Мадам Симона с гордостью посмотрела на Маму и прошептала:

– А он не так прост, наш Феликс. И далеко пойдет… если не остановят…

Среди завсегдатаев кафе, к которым я относился как к дядьям и теткам, особенно выделялся господин Софронидес, философ. Приземистый, тучный, плешивый, с огромным пузом, он взбирался на барный табурет и больше уже не сходил с него, комментируя с высоты своего насеста приход и уход клиентов, перемены в нашем квартале, последние политические, экономические и социальные новости. Послушать его, так получалось, что человечество совершает исключительно идиотские деяния, голосует за бессмысленные законы, выбирает в правители продажных приматов и загаживает планету; при этом создавалось впечатление, что оно – человечество – допускает тяжкую ошибку, игнорируя его особу, хотя, прислушавшись к его доводам, давно уже достигло бы процветания. В раннем детстве я глубоко почитал господина Софронидеса и часто спрашивал себя, отчего президенты Франции или Соединенных Штатов, канцлерша Германии, король Бельгии и русский царь не спешат в кафе на улице Рампонно, чтобы ежедневно консультироваться с этим мудрейшим из мудрецов. Однако со временем я заподозрил, что его пафос рождается из врожденной страсти к отрицанию, а высокомерие объясняется не столько интеллектуальным превосходством, сколько тягой к огульной критике.

Мадемуазель Тран, о которой я упоминал выше, играла роль старшей сестры – молчаливой, очаровательной, с неизменной улыбкой, которая то и дело округляла ее рот и глаза, когда она издавала гортанный возглас – ррро! – восхищаясь моей новой ручкой, новым свитером или новой парой обуви. Она с безмерным восторгом относилась к вещам, особенно к модным. Поэтому я обожал слушать похвалы из уст этой опытной потребительницы, касающиеся моих одежек, моих браслетов, моих ранцев, тетрадей и письменных принадлежностей.

И наконец, здесь был Робер Ларусс.

– Уж такой пугливый, каких свет не видывал, – утверждала Мама. – Разве что среди мотыльков…

Робер Ларусс, казалось, мог упасть в обморок в любой момент – настолько сильно все на него действовало. Стоило его окликнуть, хотя бы шепотом, как он вздрагивал от ужаса. Стоило с ним поздороваться, как он заливался краской. Если вы приносили ему заказанную выпивку, он рассыпался в благодарностях, заикаясь от полноты чувств. Услышав шум спускаемой воды в туалете, он съеживался, словно на него вот-вот обрушится Ниагарский водопад, и готов был бежать прочь. Да что там говорить: даже шорох птичьих крыльев пугал его так, будто началось извержение Везувия.
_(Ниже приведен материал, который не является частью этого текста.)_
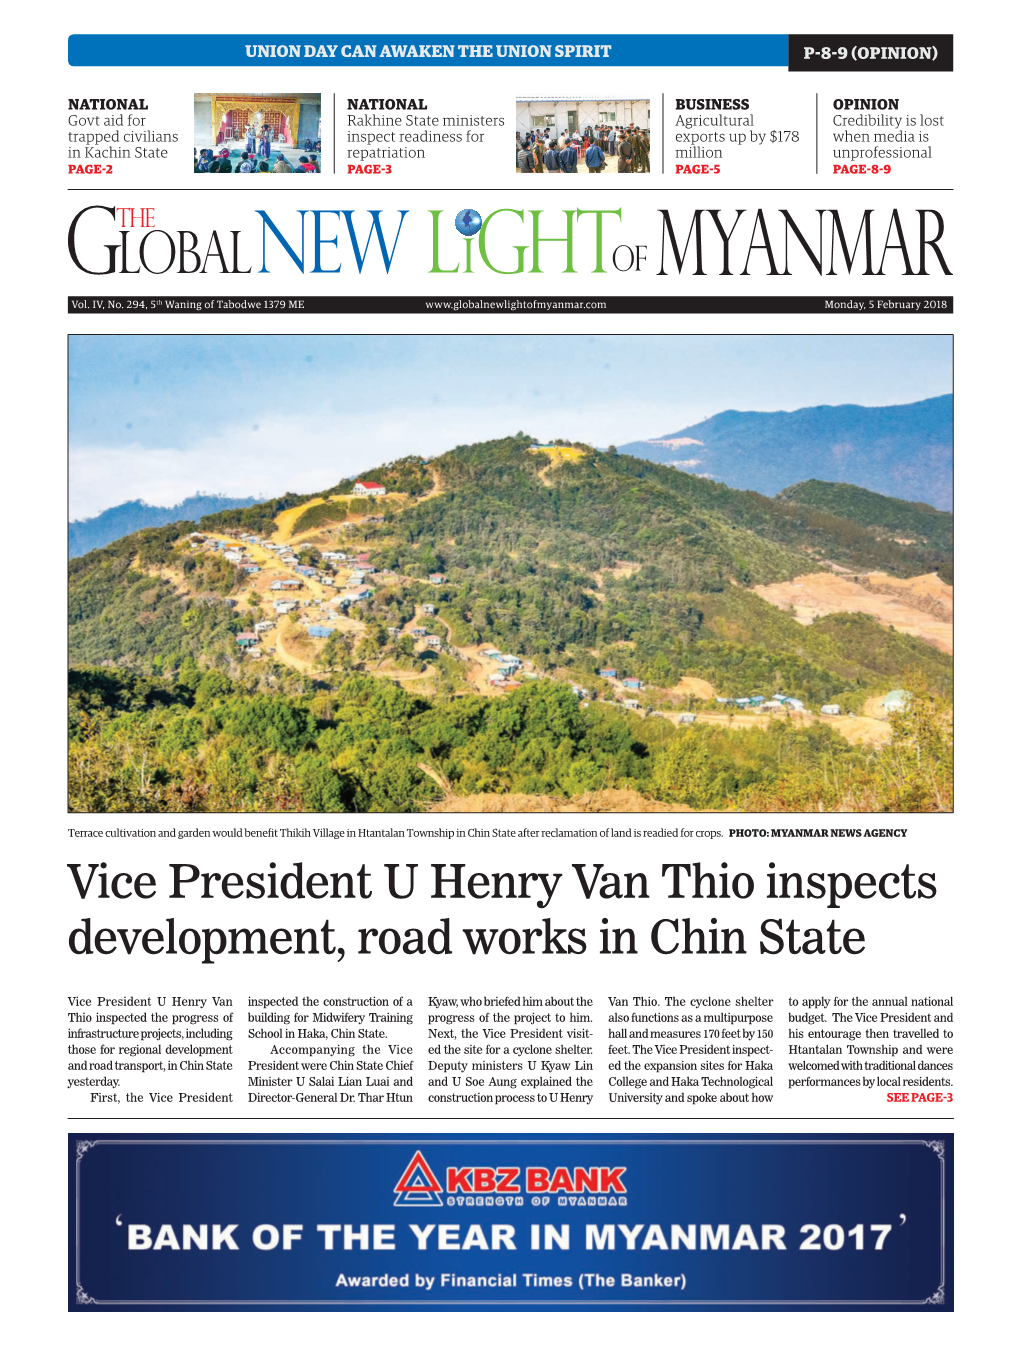 Vice President U Henry Van Thio Inspects Development, Road Works in Chin State

По этой причине мы старались беспокоить его как можно меньше, а это было очень нелегко в таком посещаемом кафе.

До и после своей работы – починки пылесосов – он тихонько, как мышка, входил в кафе, усаживался в глубине помещения, рядом с дверью в «Спокойное уединение», раскрывал словарь, широкий, как его впалая грудь, и начинал заучивать слова. Вот цель, которую он себе поставил, – выучить наизусть весь словарь, от корки до корки. Мы все восхищались им. Честно говоря, мы-то сами прибегали к помощи словаря лишь с одной целью – выяснить смысл какого-нибудь непонятного термина. Он же решил, что в один прекрасный вечер для него не останется никаких неизвестных слов. Ежедневно он заучивал по полстраницы, и так – шесть дней в неделю; выходной он отводил на повторение у себя дома.

Мадам Симона доставила себе удовольствие подсчитать, во что это выльется:

– Его словарь содержит 2722 страницы. Из расчета полстраницы в день, по шесть раз в неделю, ему на все понадобится 5444 дня. За год 313 из них уйдет на чтение и 52 на повторение, – стало быть, он потратит семнадцать с половиной лет до того, как узнает все значения слова «яйца».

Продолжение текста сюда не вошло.